Román Gubern. Es sabido que los medios no sólo reflejan, sino que también incitan. Está el ejemplo clásico del partido de fútbol y la aparición de la pancarta Freedom for Catalonia o cualquiera de ese género. El periodista no es un agente pasivo. Incluso en su vocación de pasividad, de neutralidad, se convierte, aunque sólo sea por su capacidad amplificadora, en un agente que contribuye a diseñar la realidad. Esta característica del oficio se convierte en campo abonado para todo tipo de listillos y hasta de chorizos. Hace unos años se elaboró en la RAI un programa televisivo que demostraba que el referéndum sobre la República en la Italia de posguerra se había falsificado. Así se fabricó una película, en blanco y negro, un poco movida, filmada en 16 milímetros, en la que aparecían diversas autoridades dando el pucherazo. El engaño duró unas pocas horas, pero qué duda cabe que hizo su efecto sobre la conciencia colectiva italiana. Y te diré más: cuando este asunto llegó a mi facultad de periodismo, muchos alumnos aplaudieron a este sujeto. En parte, porque encarnaba el héroe periodístico: el periodista que interviene en la realidad y la somete, que es en el fondo con lo que todos sueñan. Yo creo que el periodismo bastardo está enfeudado, sobre todo, en el narcisismo.

A. E. Otro asunto distinto de la suplantación es que el periodista coloque cámaras o micrófonos ocultos...

R. G. Es distinto, en efecto, porque la cámara registra sin intervenir en la realidad. El hecho se produce sin condicionamientos, como ocurrió venturosamente el 23-F.

A. E. Claro, es lo que acaba de suceder con el ya célebre '¡Vaya coñazo [de discurso] que les he soltado!' del presidente Aznar. La decisión de incluir o no las informaciones obtenidas de este modo deben ajustarse al Código Penal o a la ética de cada cual. Pero, según yo lo veo, no afectan a la célula básica del periodismo, es decir, al hecho.

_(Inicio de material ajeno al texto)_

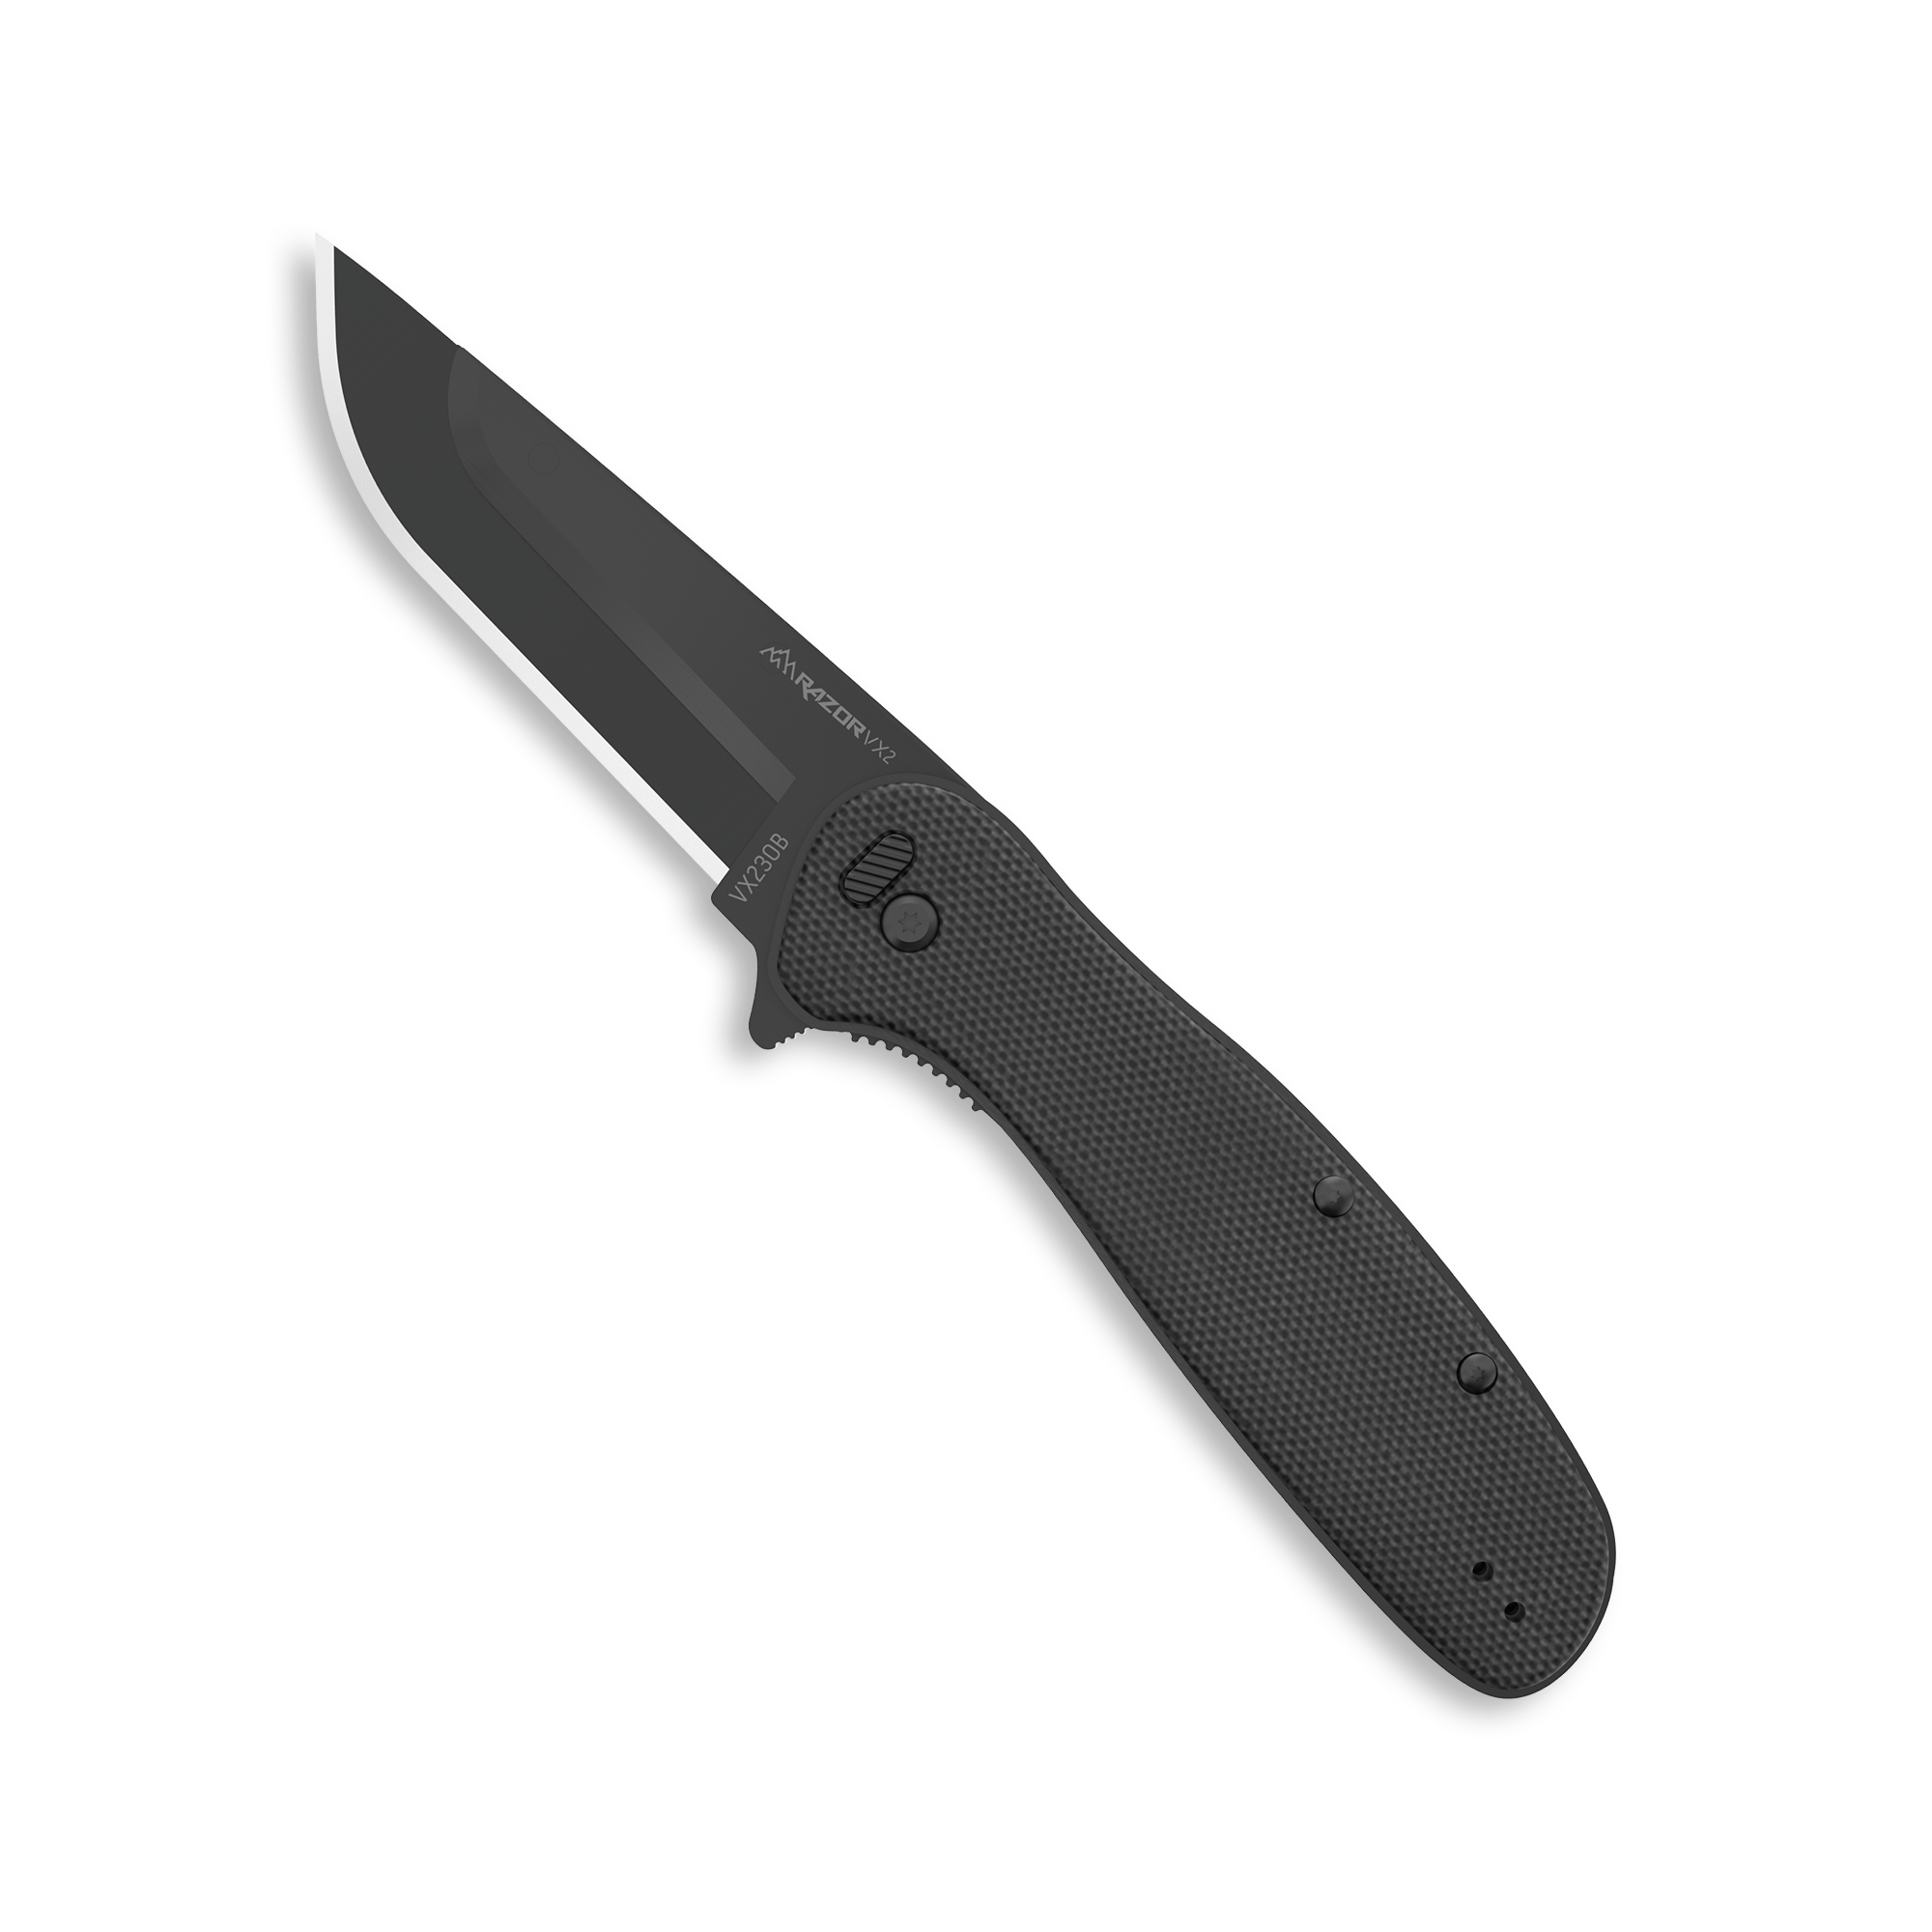 Wear resistant Double-sided Knife Sharpener For Kitchen/Spring

R. G. Aludiendo a los métodos ilegítimos de obtención de la información, me pregunto hasta dónde el interés de la información justifica su uso. Es decir, ¿el interés público de una información justificaría el uso de medios ilegítimos? Es decir, ¿hasta qué punto hay que seguir la vieja máxima ética de que el fin no justifica los medios? ¿A ti qué te parece?

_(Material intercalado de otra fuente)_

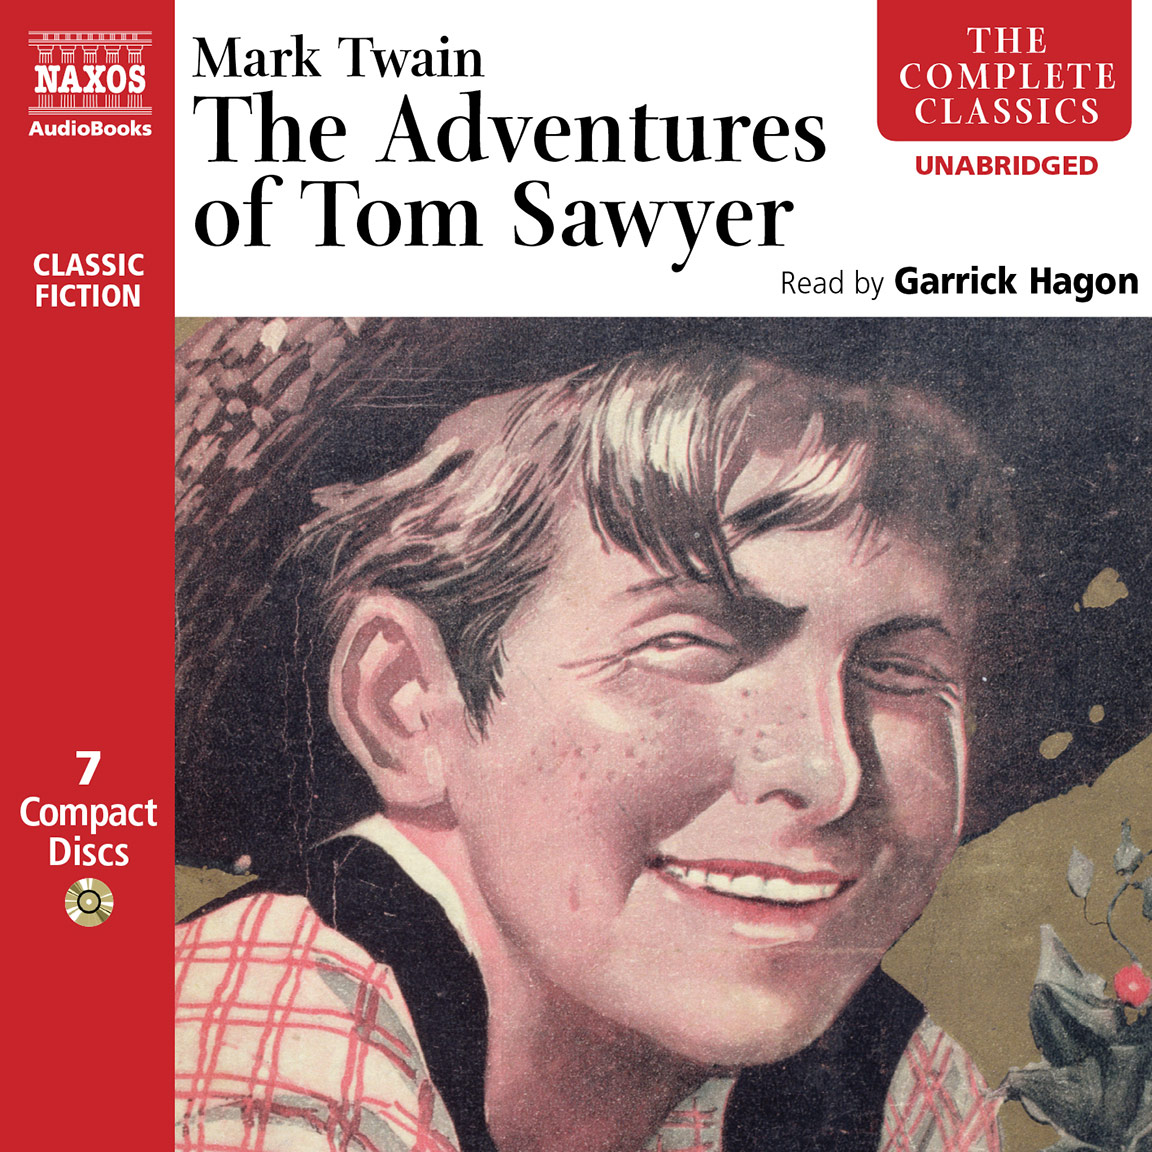 Mark Twain the Adventures of Tom Sawyer. Adventures of Tom Sawyer Audiobook. Tom Sawyer book. The Adventures of Tom Sawyer book Cover.

A. E. El problema es quién determina el interés público. Me parece que al final el interés público de una información lo determina el que la tiene. Si la ley no justifica o concreta el radio de acción ética, al final la decisión es del que posee la información. Todo lo demás son vaguedades. Una de las características del discurso periodístico es que siempre perjudica a alguien. Hablar entonces de un interés público objetivable, consensuado, humm...

R. G. Mira, en una de mis estancias en América, en 1971, se produjo el famoso escándalo de los papeles del Pentágono. Era evidente que los periodistas del The New York Times habían obtenido muchas de sus informaciones con malas artes. El caso llegó al Supremo. Y el tribunal sentenció que en este caso el interés público hacía que el derecho a la información estuviera por encima del uso de posibles medios ilegítimos. Aquí el interés público tuvo que fijarlo el alto tribunal. Pero, desde luego, en su consideración inicial no depende más que de criterios éticos, de los valores morales del periodista y de su periódico. Nada lo reemplaza. Entre otras cosas, porque tampoco los tribunales tienen criterios fijos sobre la cuestión.

A. E. Es que no creo que puedan tenerlos.

R. G. De acuerdo. Cuando hablábamos de la intervención espectacular del periodista en la realidad, alterándola, creándola, se produce un fenómeno que me parece importante: y es que se convierte en noticia lo que no habría de serlo. Quiero decir que la espectacularidad del método contribuye a alterar la jerarquía de lo noticioso. Es más noticia simplemente por cómo se ha obtenido, aunque el contenido sea el mismo.

A. E. Los subproductos periodísticos basados en la construcción de la realidad me parece que tienen bastante que ver con cierta frivolidad intelectual vinculada a la desvalorización del hecho. El posmodernismo que insiste en que los hechos no son nada más que construcciones lingüísticas, que dictamina que entre realidad y ficción sólo hay convenciones, ¡que cree que realidad y ficción son géneros y que como tales pueden mezclarse sin problemas!... En fin, ese tipo de discurso que llega al periodista ya muy regurgitado, creo que ha tenido consecuencias fatales. La renuncia de los periodistas al hecho es grave. Estamos todo el día haciendo metáforas, cerrando épocas, convirtiendo hechos en históricos, sacando conclusiones, dando instrucciones a los Gobiernos... Ante este panorama de descrédito del hecho qué más da que el hecho se produzca o se construya. Qué más da, si la naturaleza del hecho es tan incierta y tan poco prestigiosa.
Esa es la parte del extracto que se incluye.